Personal information
- Full name: William Tonji N'Gounou
- Date of birth: 31 July 1983 (age 43)
- Place of birth: Niamey, Niger
- Height: 1.78 m (5 ft 10 in)
- Position: Striker

Senior career*
- Years: Team / Apps / (Gls)
- 2000–2003: Kadji Sports Academy
- 2004–2007: AS FAN
- 2008–2010: FC Rosengård / 53 / (18)
- 2011–2012: IF Limhamn Bunkeflo / 29 / (6)
- 2013: KSF Prespa Birlik / 20 / (7)
- Total:  / 102 / (31)

International career
- 2011–2013: Niger / 17 / (2)

= William N'Gounou =

Nigerien footballer

William Tonji N'Gounou (born 31 July 1983) is a Nigerien retired footballer who played as a striker.

==Club career==
N'Gounou played for Kadji Sports Academy, AS FAN, FC Rosengård, IF Limhamn Bunkeflo and KSF Prespa Birlik.

==International career==
He made his international debut for Niger in 2011, and appeared for them in FIFA World Cup qualification matches.

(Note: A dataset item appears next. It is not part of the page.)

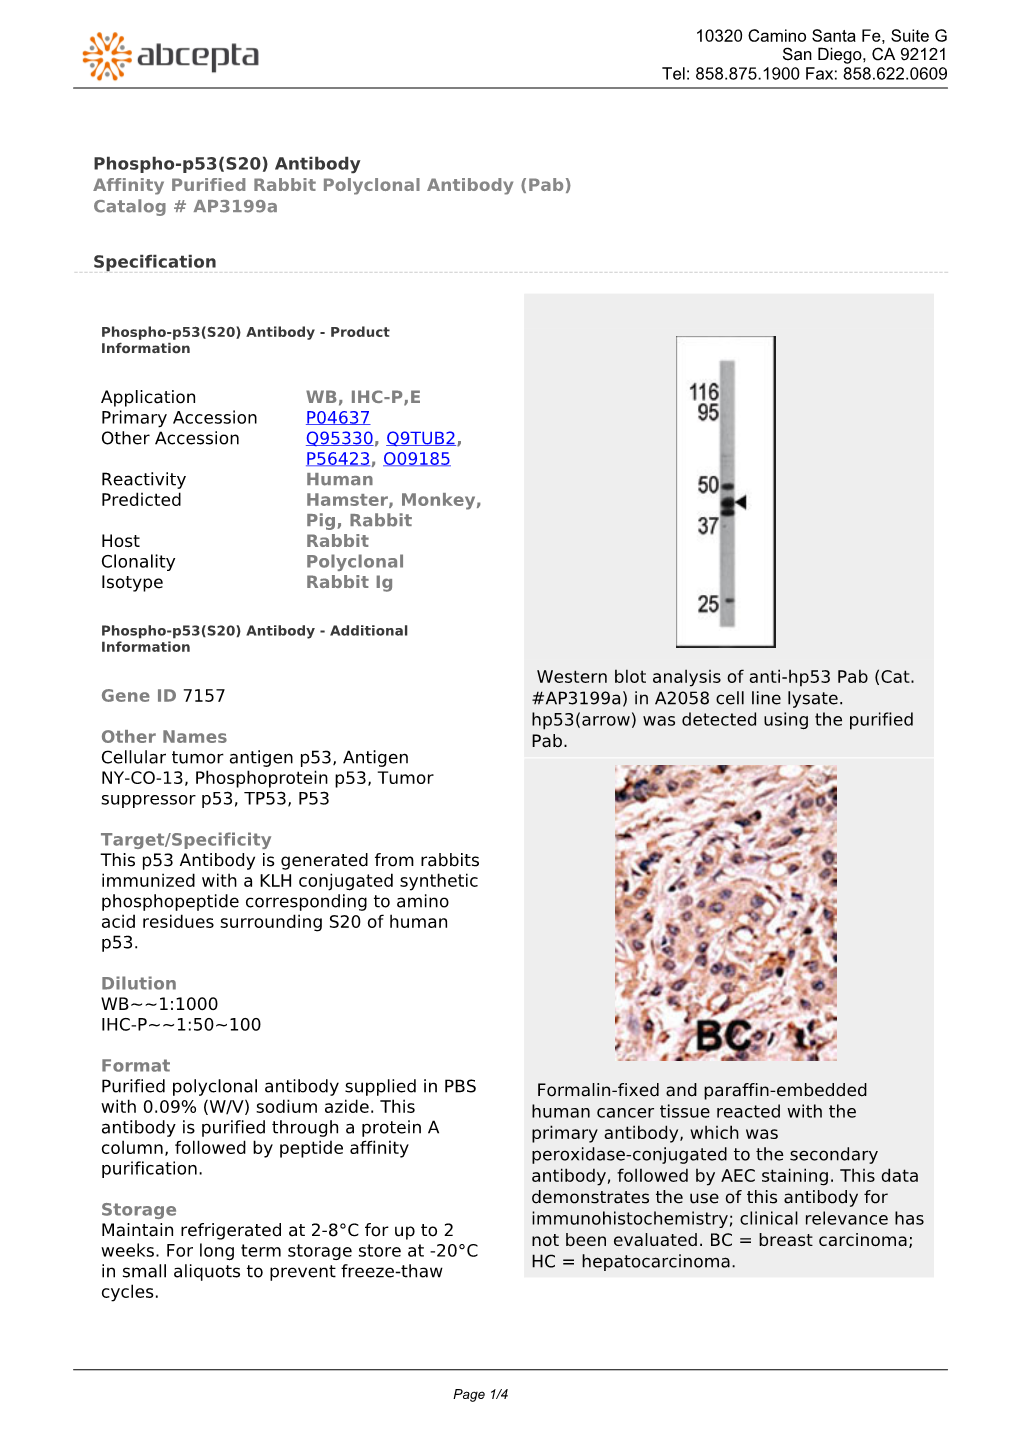 Phospho-P53(S20) Antibody Affinity Purified Rabbit Polyclonal Antibody (Pab) Catalog # Ap3199a

He was selected for the 2012 Africa Cup of Nations, scoring Niger's first ever and to date, only, goal in tournament history versus Tunisia in 1–2 loss.

==Career statistics==
===International===

Appearances and goals by national team and year
| National team | Year | Apps | Goals |
| Niger | 2011 | 8 | 1 |
| 2012 | 8 | 1 |
| 2013 | 1 | 0 |
| Total |  | 17 | 2 |

Scores and results list Niger's goal tally first, score column indicates score after each N'Gounou goal.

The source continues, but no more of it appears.